- [Dataset excerpts]
+-------+
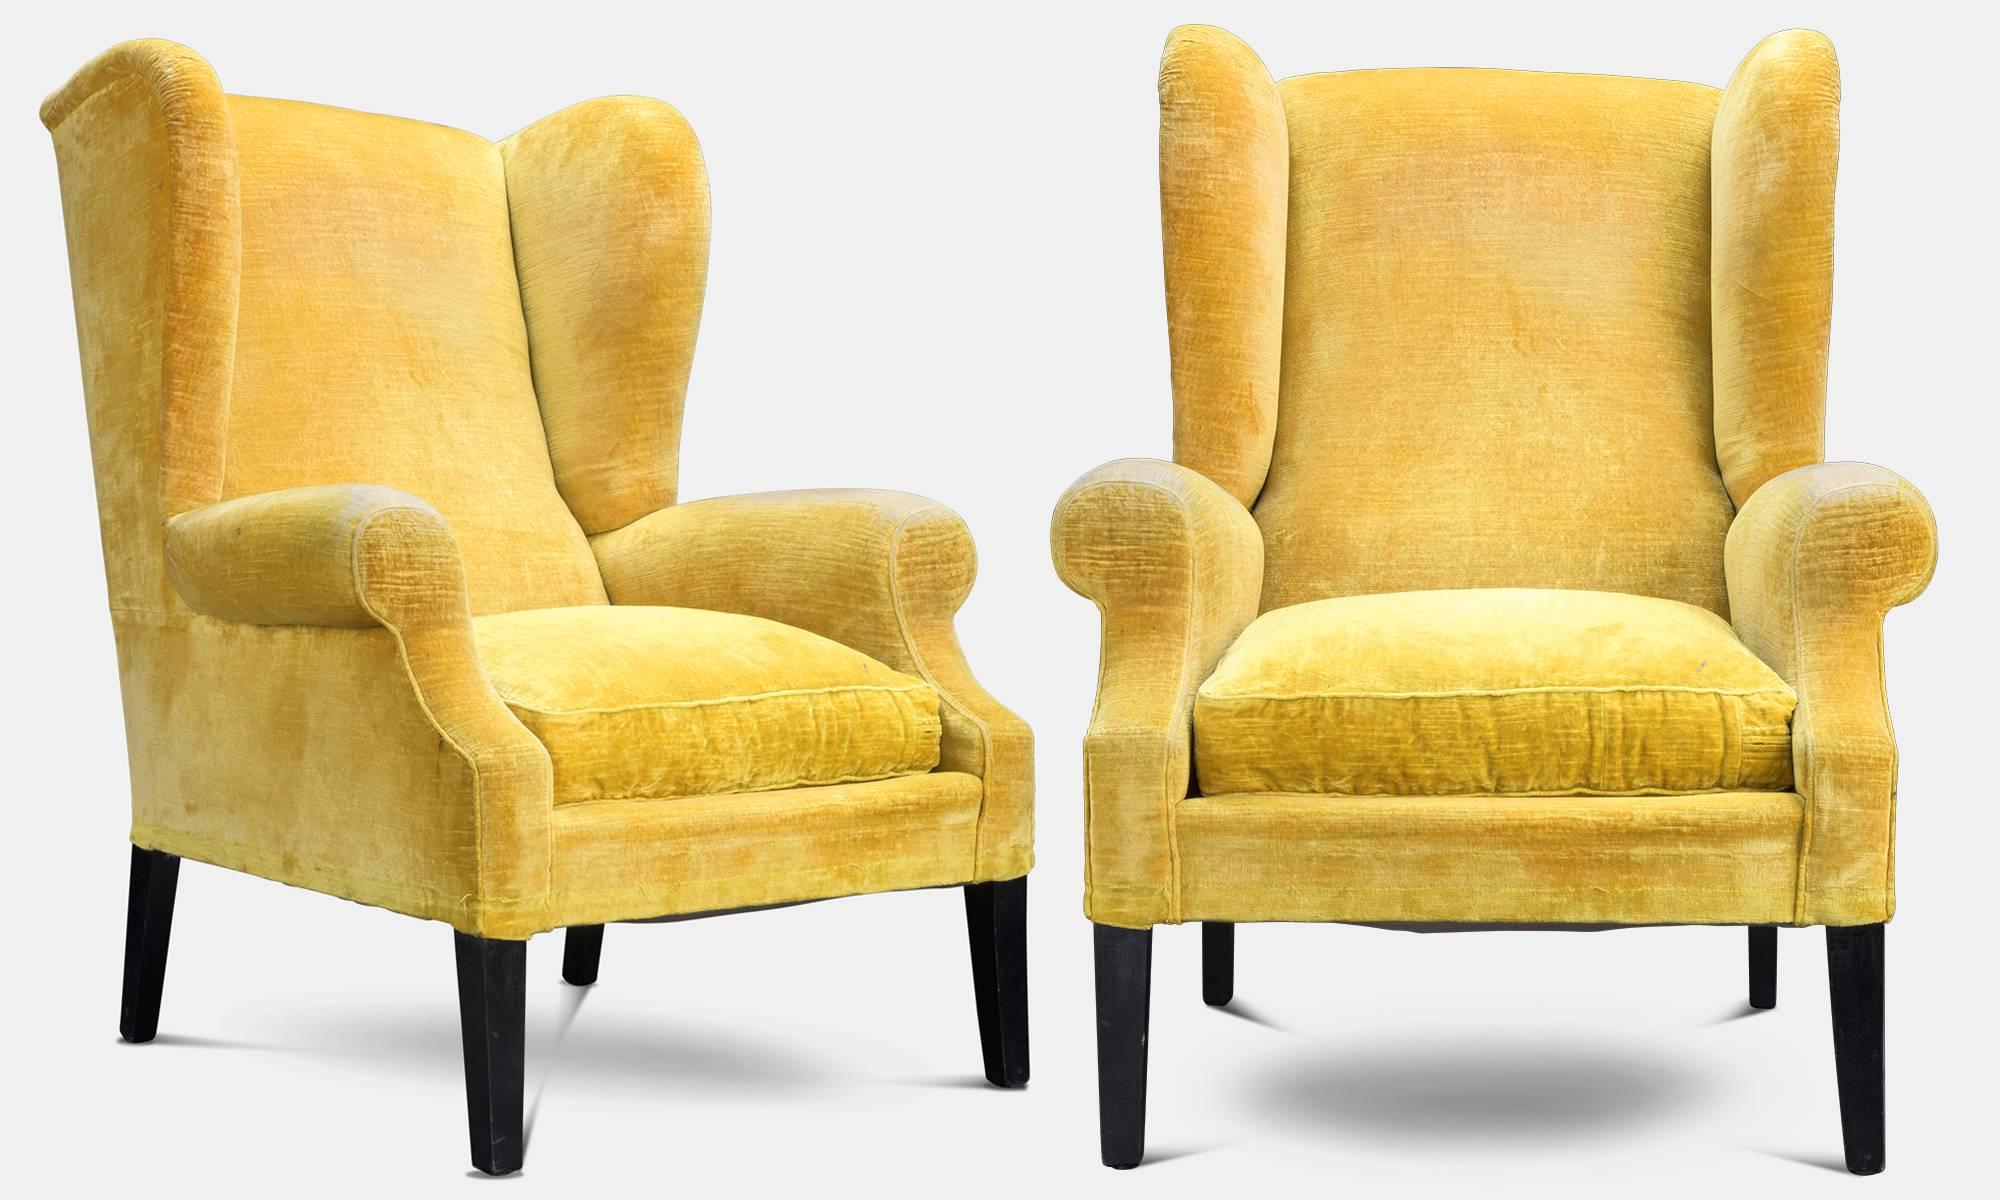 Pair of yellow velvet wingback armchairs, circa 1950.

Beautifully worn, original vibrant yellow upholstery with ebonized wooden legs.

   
+-------+
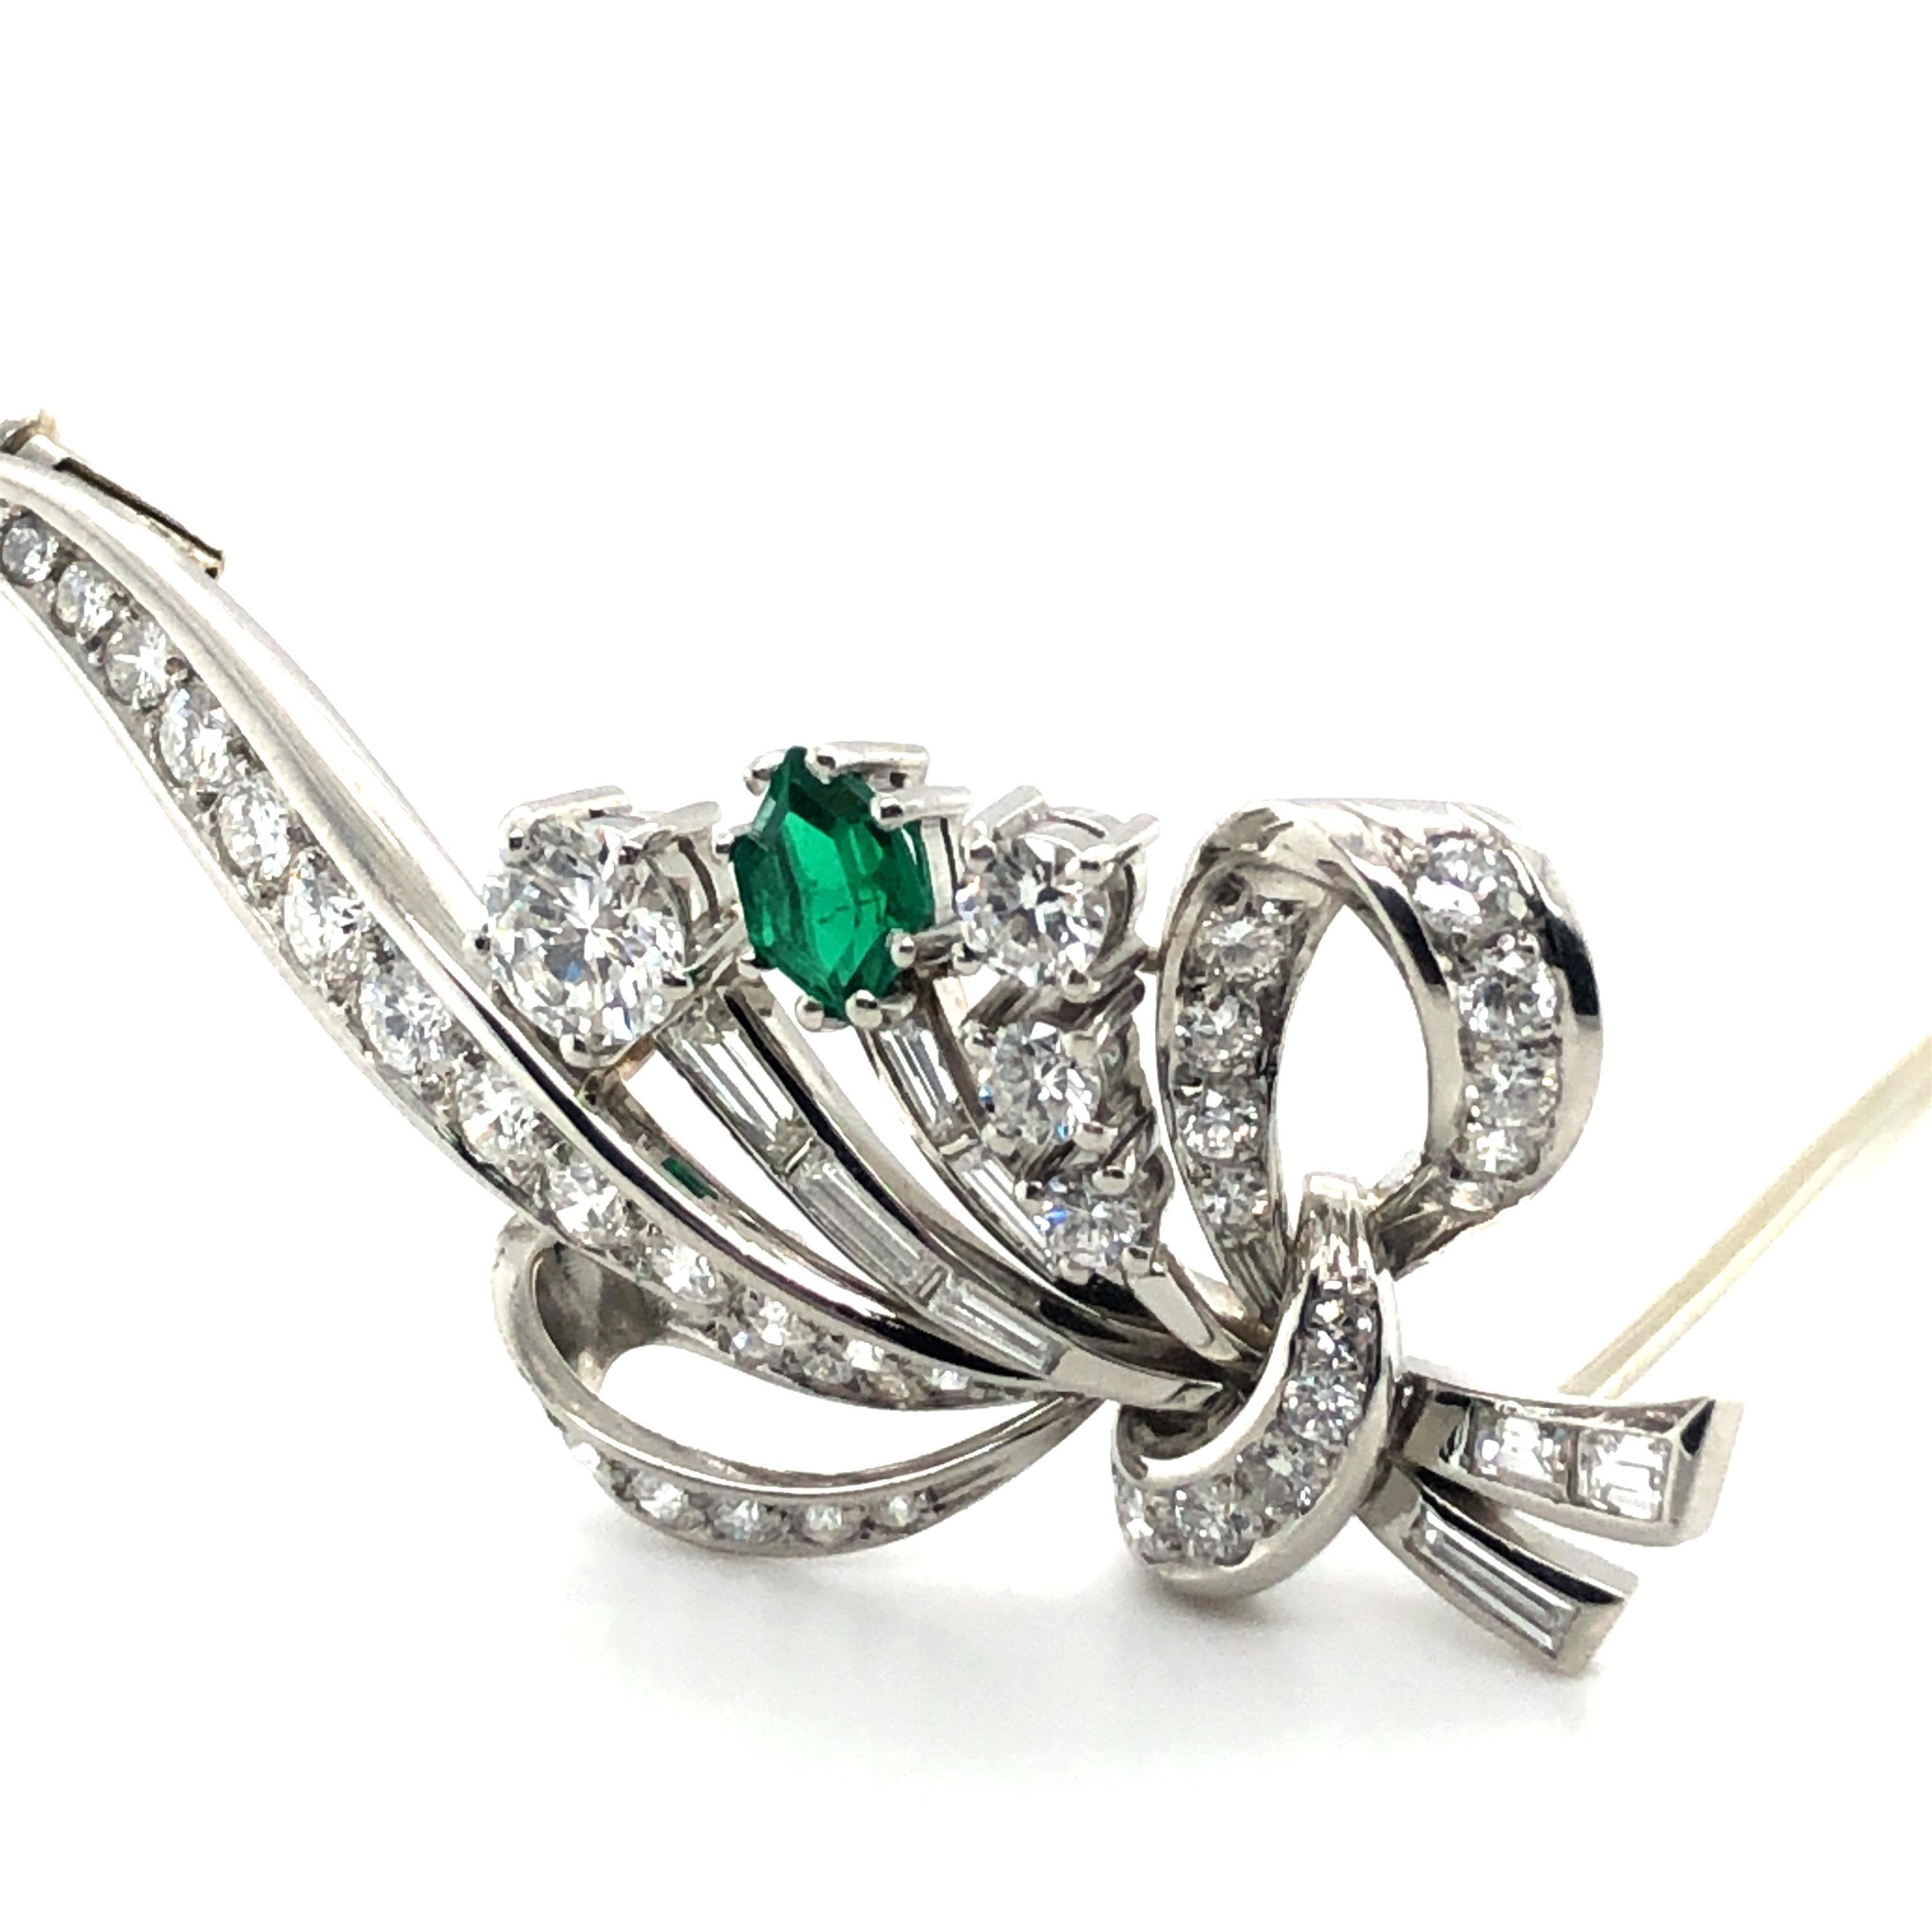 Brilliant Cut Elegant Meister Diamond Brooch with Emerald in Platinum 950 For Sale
+-------+
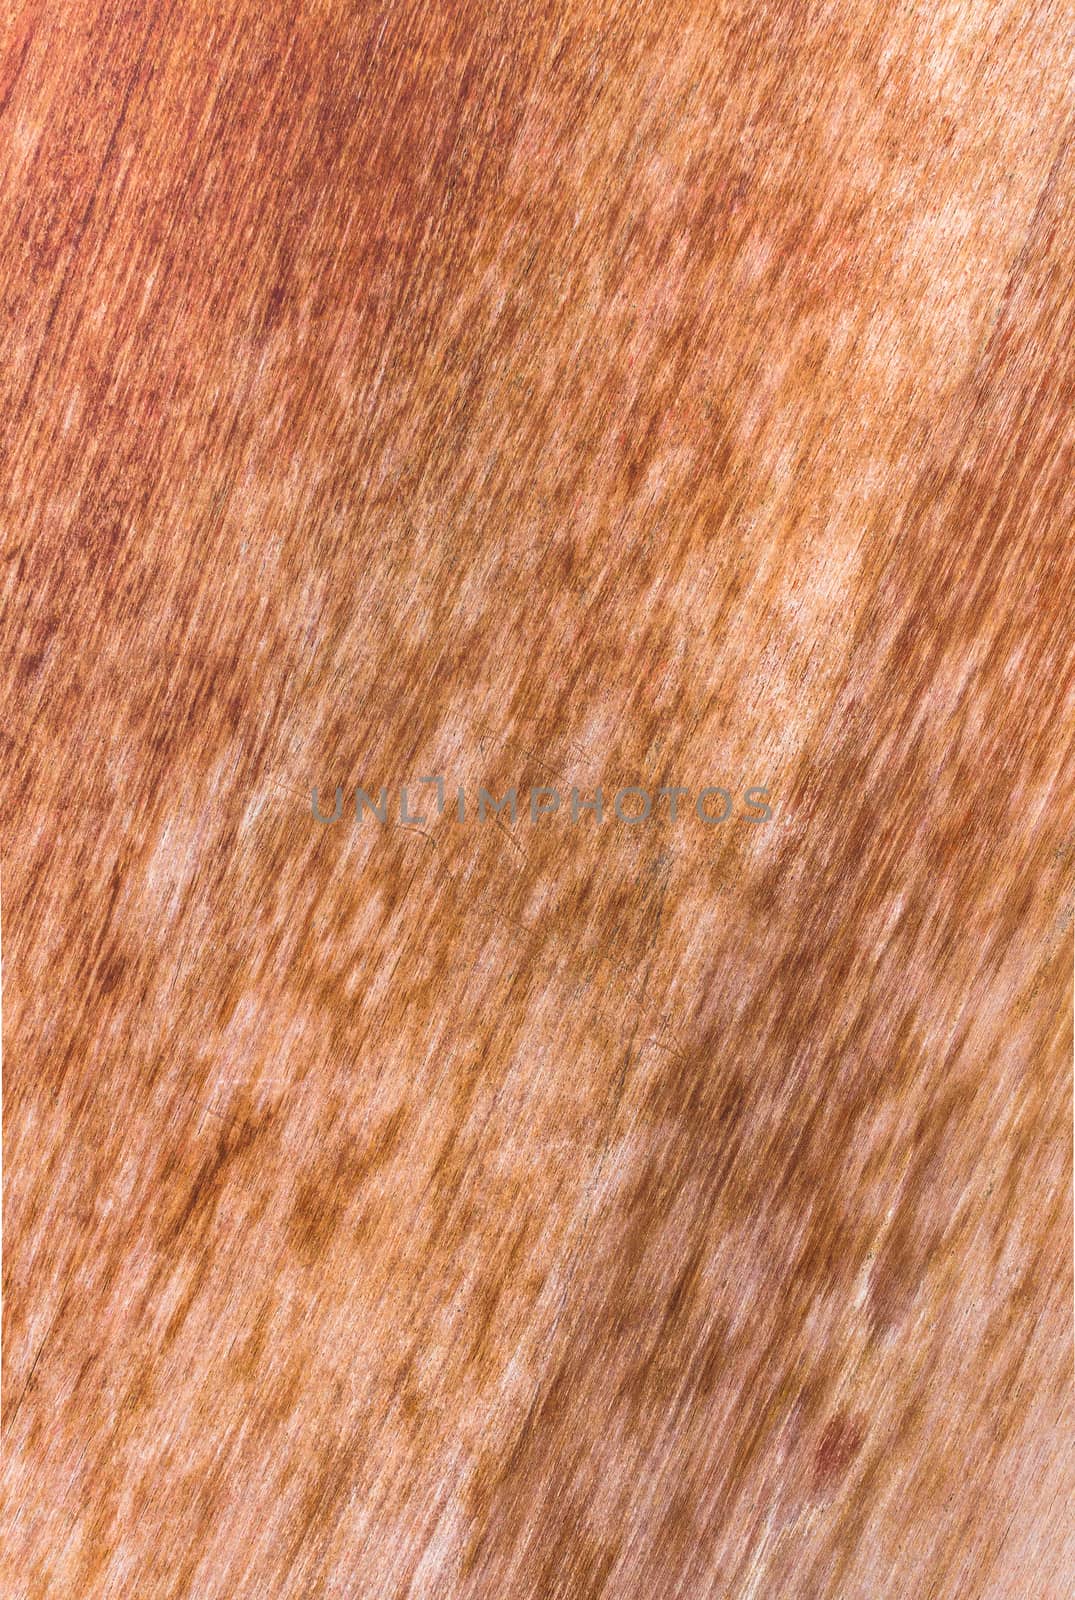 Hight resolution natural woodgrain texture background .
+-------+
- [To do] Copy only these lines from the records above, exactly: the one with "Pair of yellow", the one with "Beautifully worn, original", and those between. Skip the pictures.

- [The completed task]
 Pair of yellow velvet wingback armchairs, circa 1950.

Beautifully worn, original vibrant yellow upholstery with ebonized wooden legs.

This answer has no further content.